Рыбак бросил окурок, встал, взволнованно заходил вокруг костра.

- Ить кого тут и винить - не сразу сообразишь! Ванька - он, конечно, дурак, и не об нем разговор, но ведь таких-то ванек ой-е-ей еще сколько! Сперва их самих надо учить, а уж потом молодежь. Как-то вот подсказать бы надо, растолковать этому парню, да и не только этому, что рабочий-то наш класс не тот, кто мухлюет с нарядами, не тот, кто с получки околачивается возле пивных ларьков, а тот, который поднял вон из какой порухи Расею, кто построил город, в котором он живет, завод, куда он пришел работать. И знал чтобы этот парень, что куда ни обернешься, за что ни возьмешься - все сделано руками рабочего человека… Да что там рассуждать! - хлопнул себя по коленям Рыбак. - Молодежь - она и есть молодежь.
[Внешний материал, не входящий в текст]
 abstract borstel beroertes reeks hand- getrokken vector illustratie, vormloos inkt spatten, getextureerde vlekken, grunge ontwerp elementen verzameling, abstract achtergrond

Мы ведь тоже не святыми росли, были и у нас вывихи. Одно я знаю твердо: случись, не дай бог, беда какая, война к примеру, они, эти парни, будут впереди нас и костьми лягут, если потребуется, за землю родную, за Расею, потому что они - силушка и кровь наша, совесть наша!

- Ну, разболтался я, хватит, - заключил Рыбак. - Будем палатку-то ставить?

- Конечно, сейчас.

- Ну так давай да поедем, поудим. Тут, на русле, ха-ароший лещ берет. Только с прикормом.
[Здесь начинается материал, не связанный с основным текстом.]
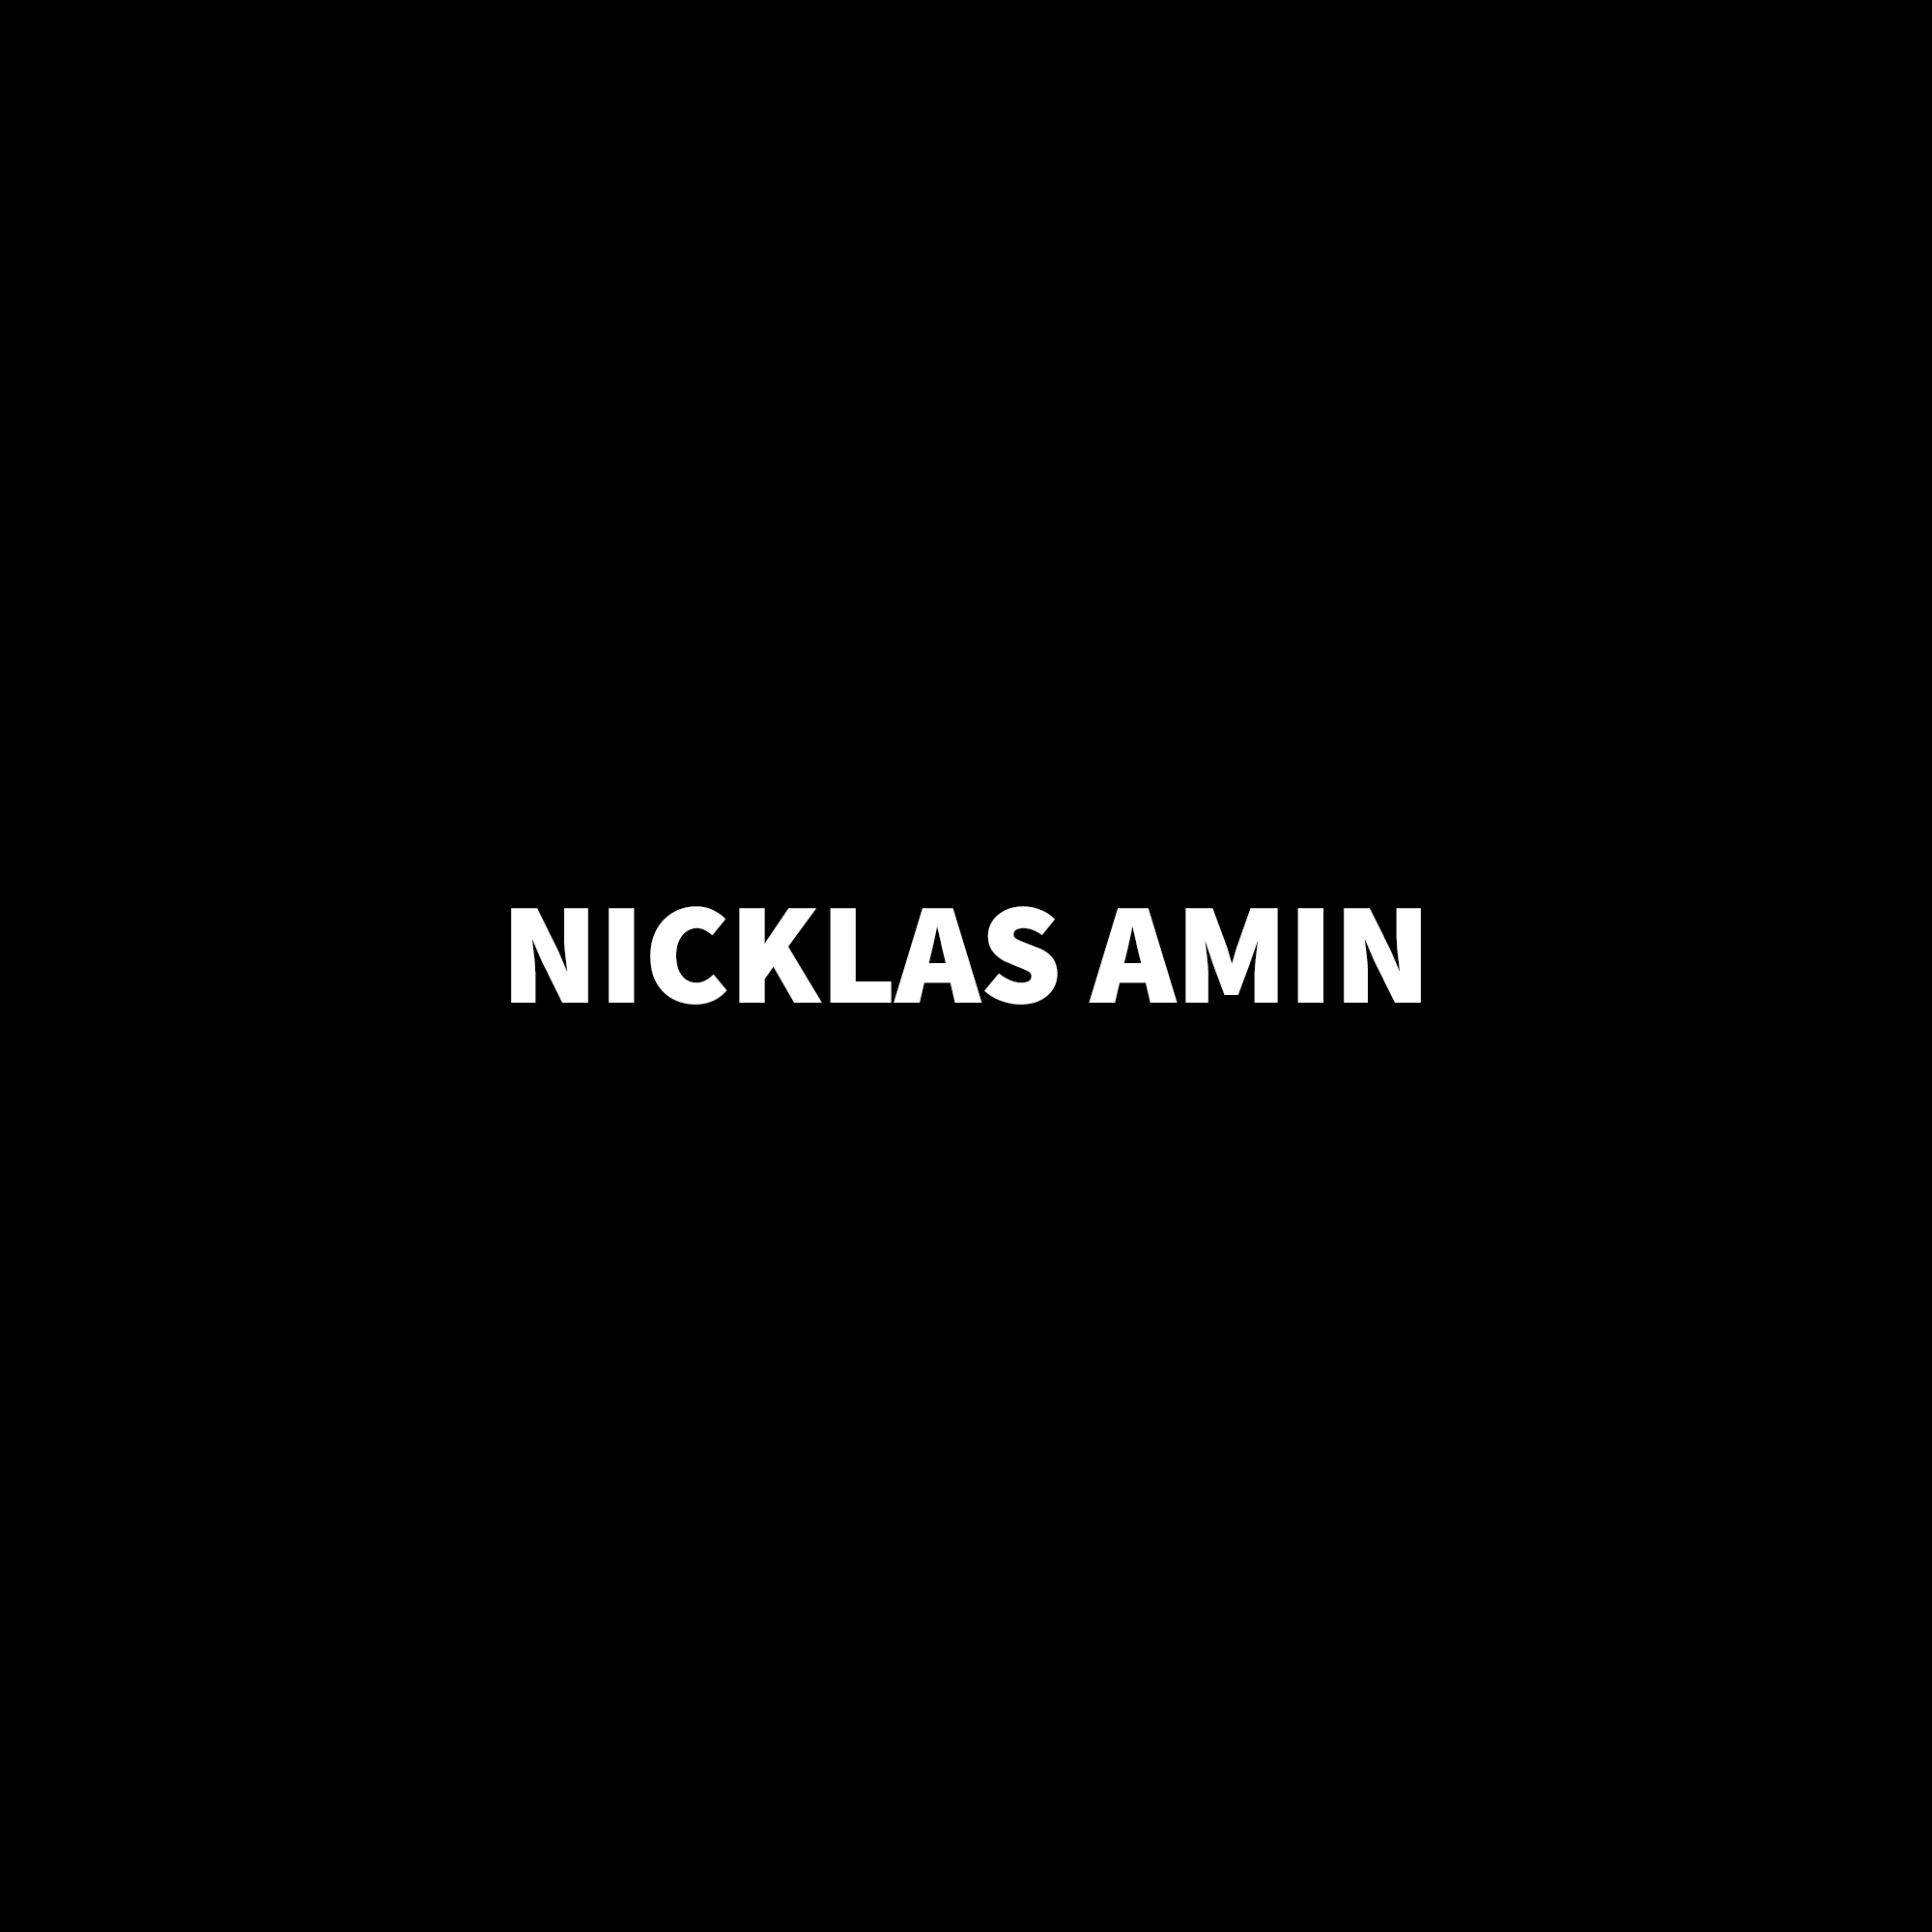 Nicklas Amin

Рыбак ушел за кольями и долго не возвращался. Вернулся с какими-то кривыми палками.

- Ить все сожгли, никакого валежника не найдешь. А березки рубить жалко. Как девчушки стоят - молодюсенькие, беззащитные. Давай уж на эти поставим.

Мы кое-как установили палатку, оставили в ней плащи и направились к лодке. По пути Рыбак крикнул соседям:

- Случай что, так присмотрите! - А, мне пояснил: - Иногда хулиганишки шастают, то котелок сопрут, то топорик. У меня раз было, так я на всякий случай…

Мы заякорились недалеко от берега, но по глубине, по тяге воды было заметно, что здесь действительно старое русло перекрытой реки. Рыбак вынул из рюкзака полиэтиленовый мешок, а из него - мешочек поменьше - не то из тюля, не то из марли, заполненный чем-то тестообразным.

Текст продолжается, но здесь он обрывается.